■ **PROMPT**
The answer must consist solely of the lines from the line with "Les Bebes Cochons by Bobbie Kalman" to the end of the data below, transcribed exactly and with no pictures.
═════ SUPPLIED MATERIAL ═════
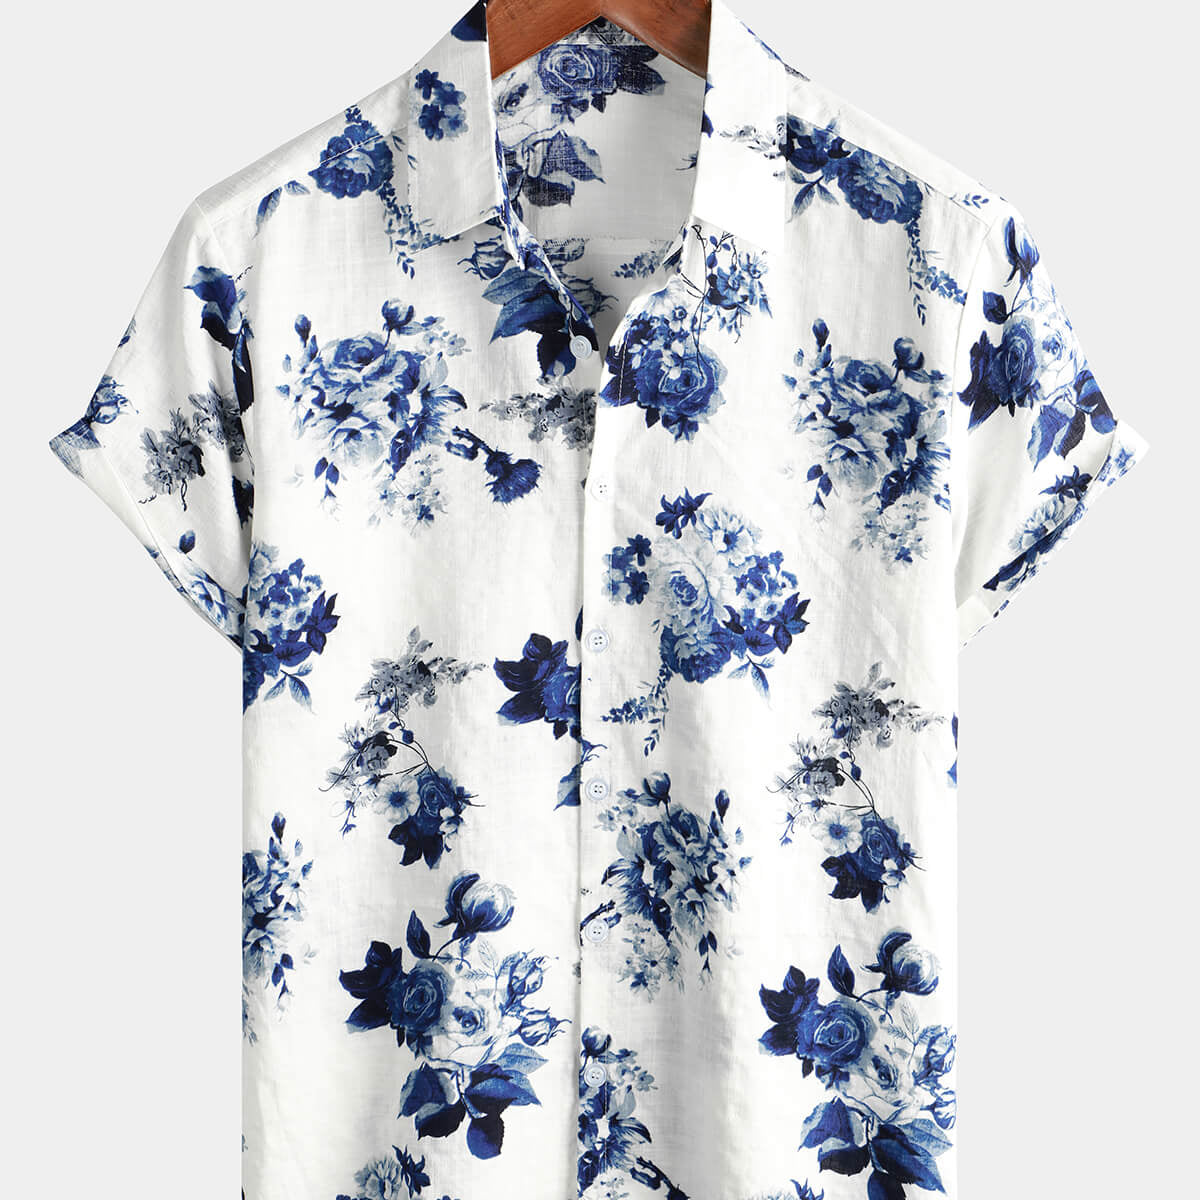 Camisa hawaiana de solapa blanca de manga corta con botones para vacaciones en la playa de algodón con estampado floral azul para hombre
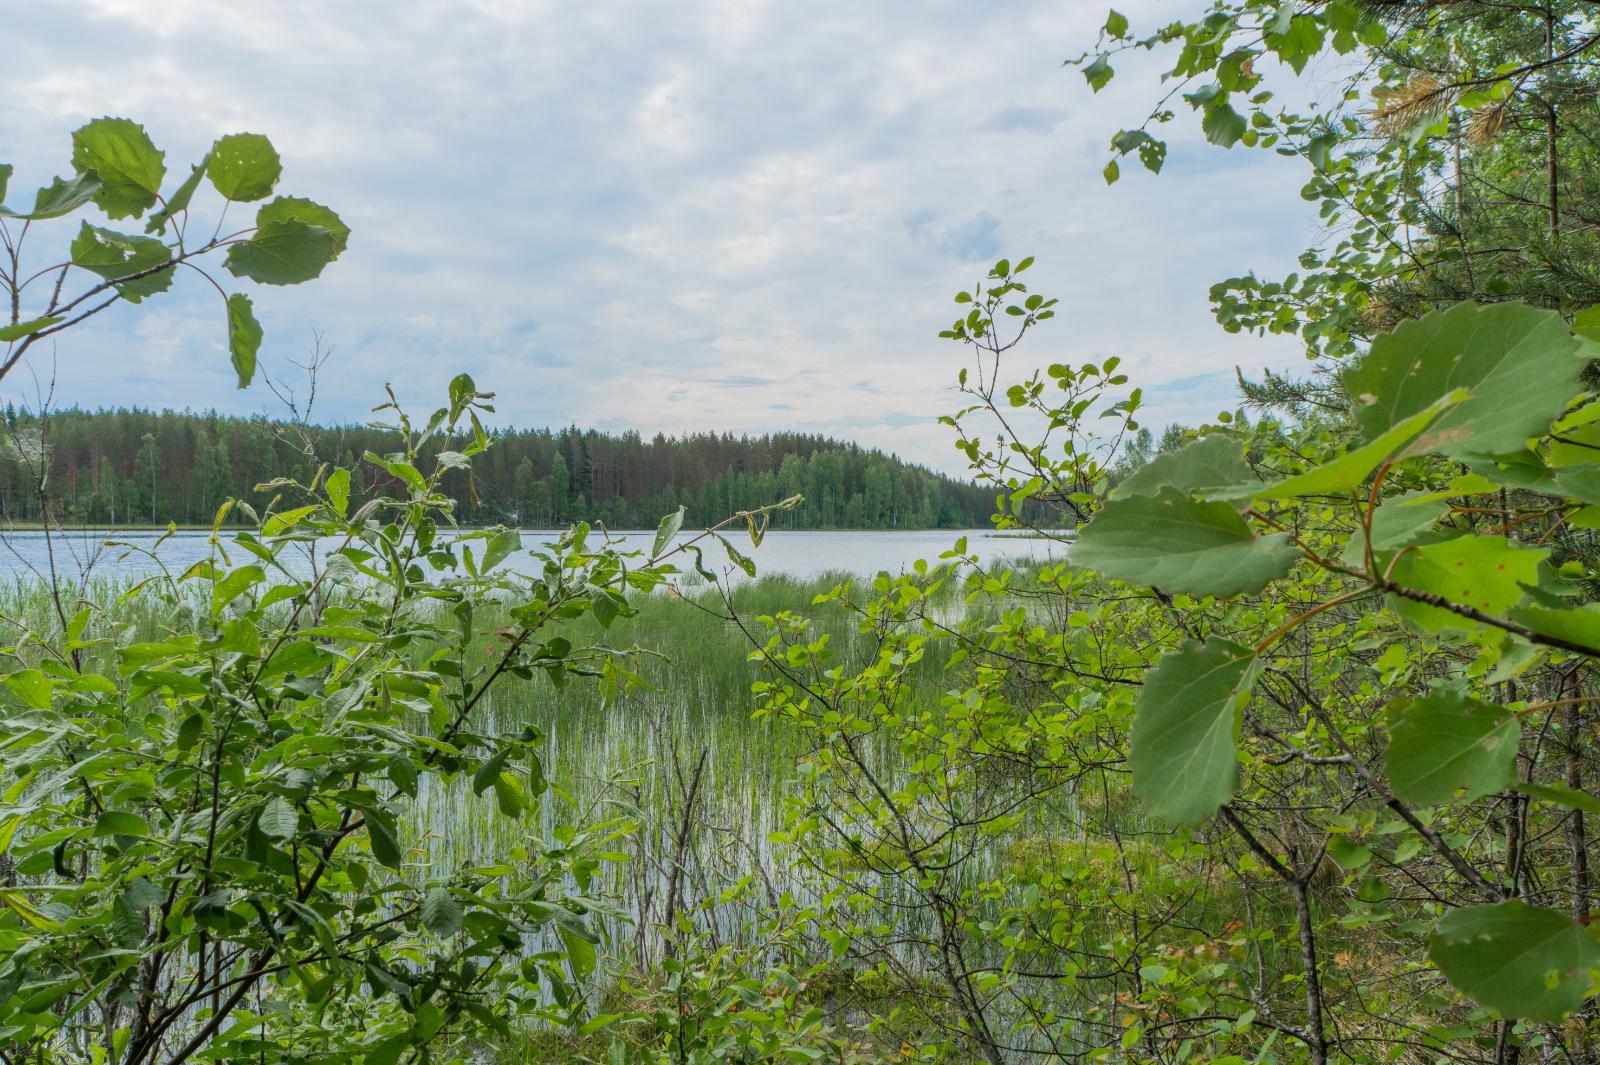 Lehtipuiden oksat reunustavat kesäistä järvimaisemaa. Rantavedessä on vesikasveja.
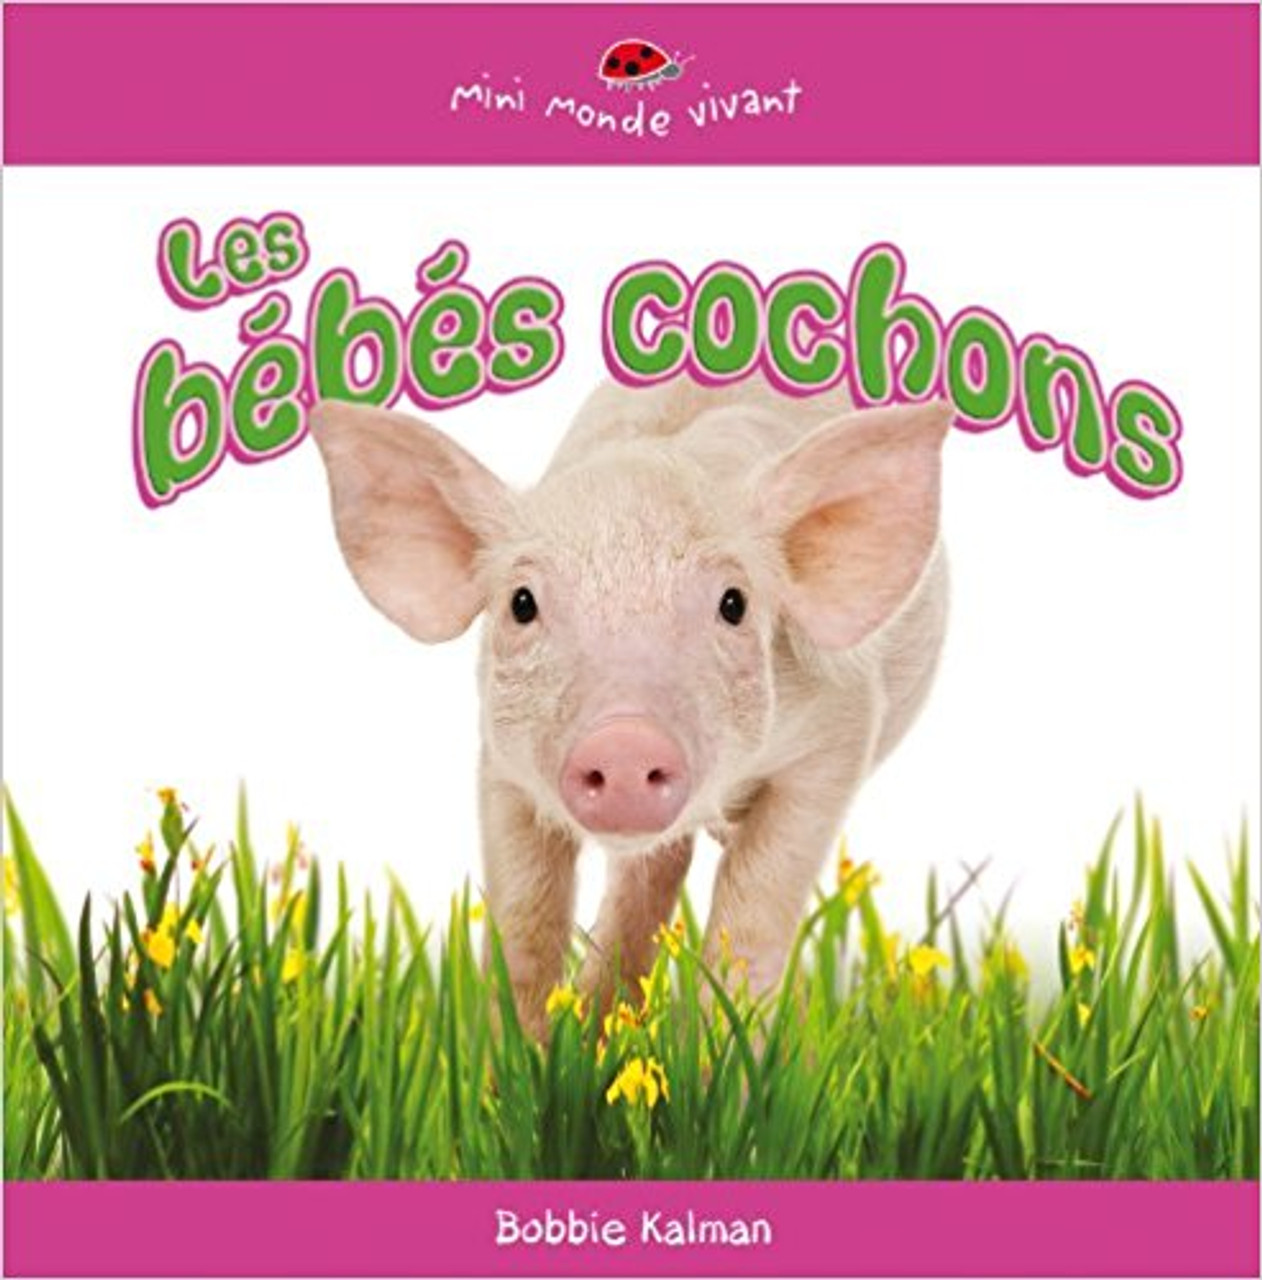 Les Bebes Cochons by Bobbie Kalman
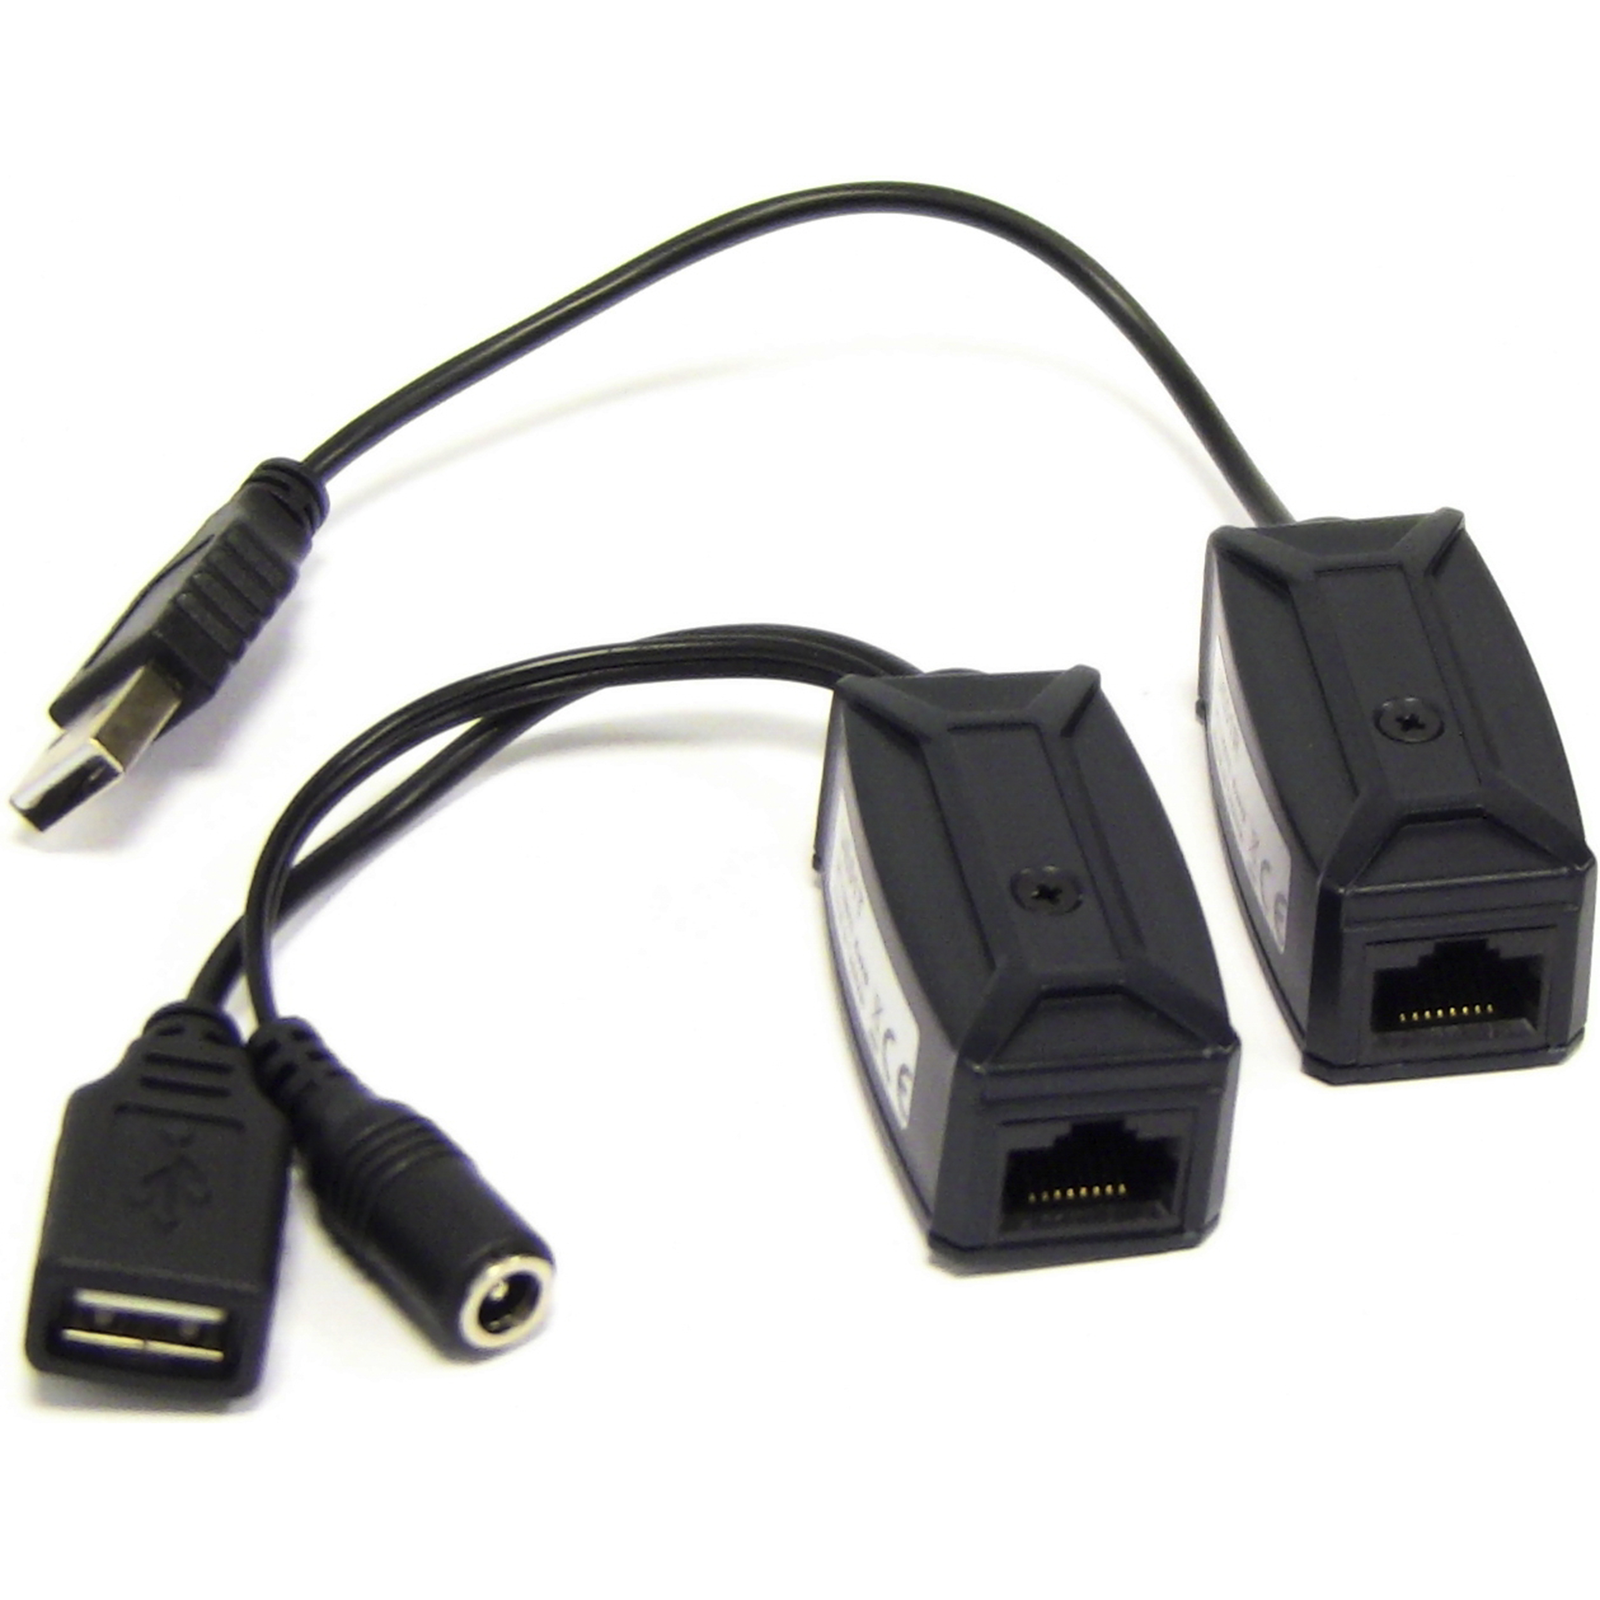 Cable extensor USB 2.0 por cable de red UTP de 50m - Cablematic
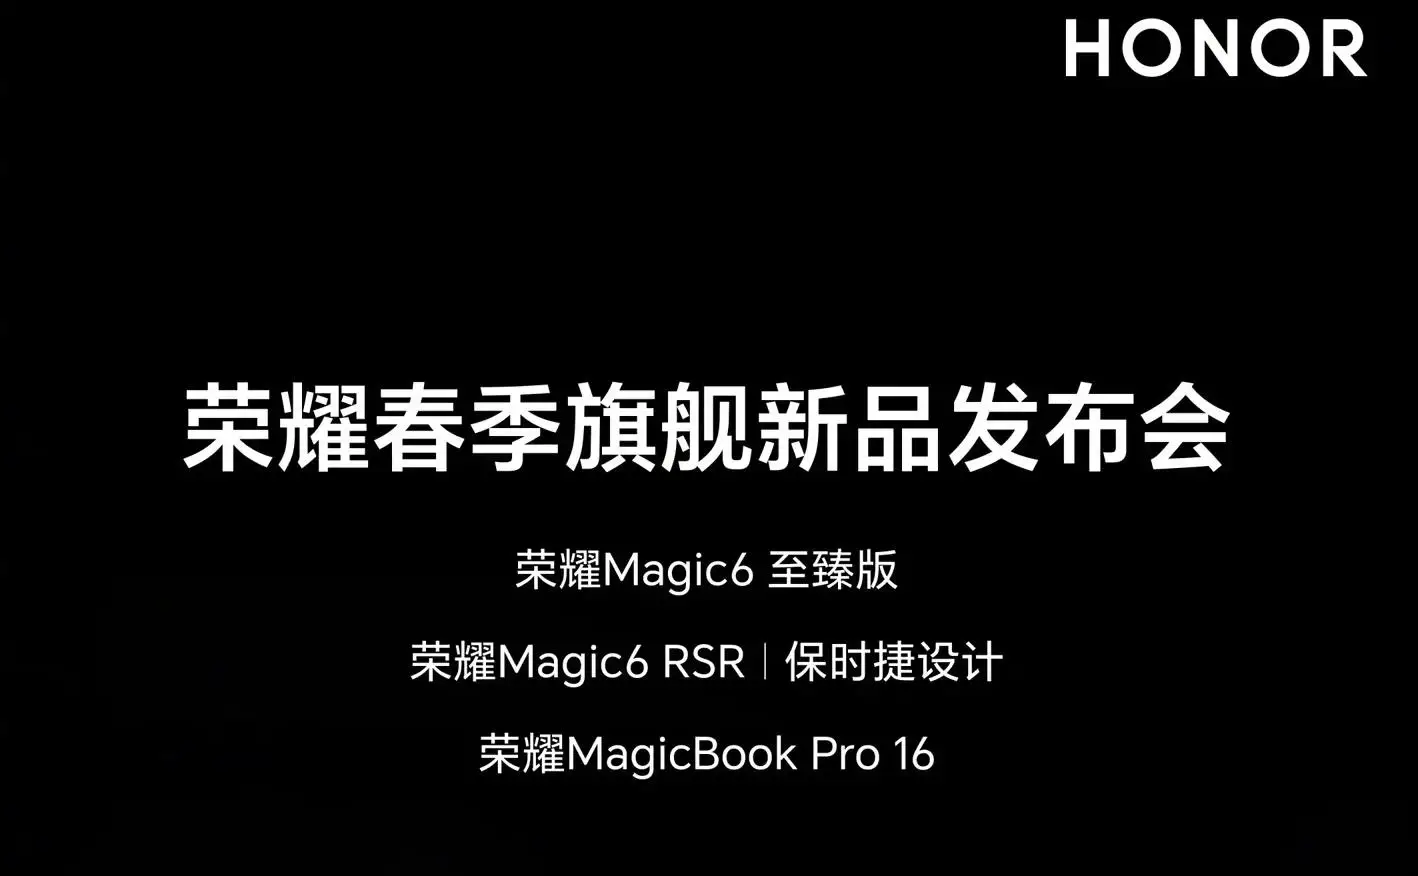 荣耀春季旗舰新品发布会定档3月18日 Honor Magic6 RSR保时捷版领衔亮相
═════
■ **ANSWER BELOW**
 Les Bebes Cochons by Bobbie Kalman
 Cable extensor USB 2.0 por cable de red UTP de 50m - Cablematic
 荣耀春季旗舰新品发布会定档3月18日 Honor Magic6 RSR保时捷版领衔亮相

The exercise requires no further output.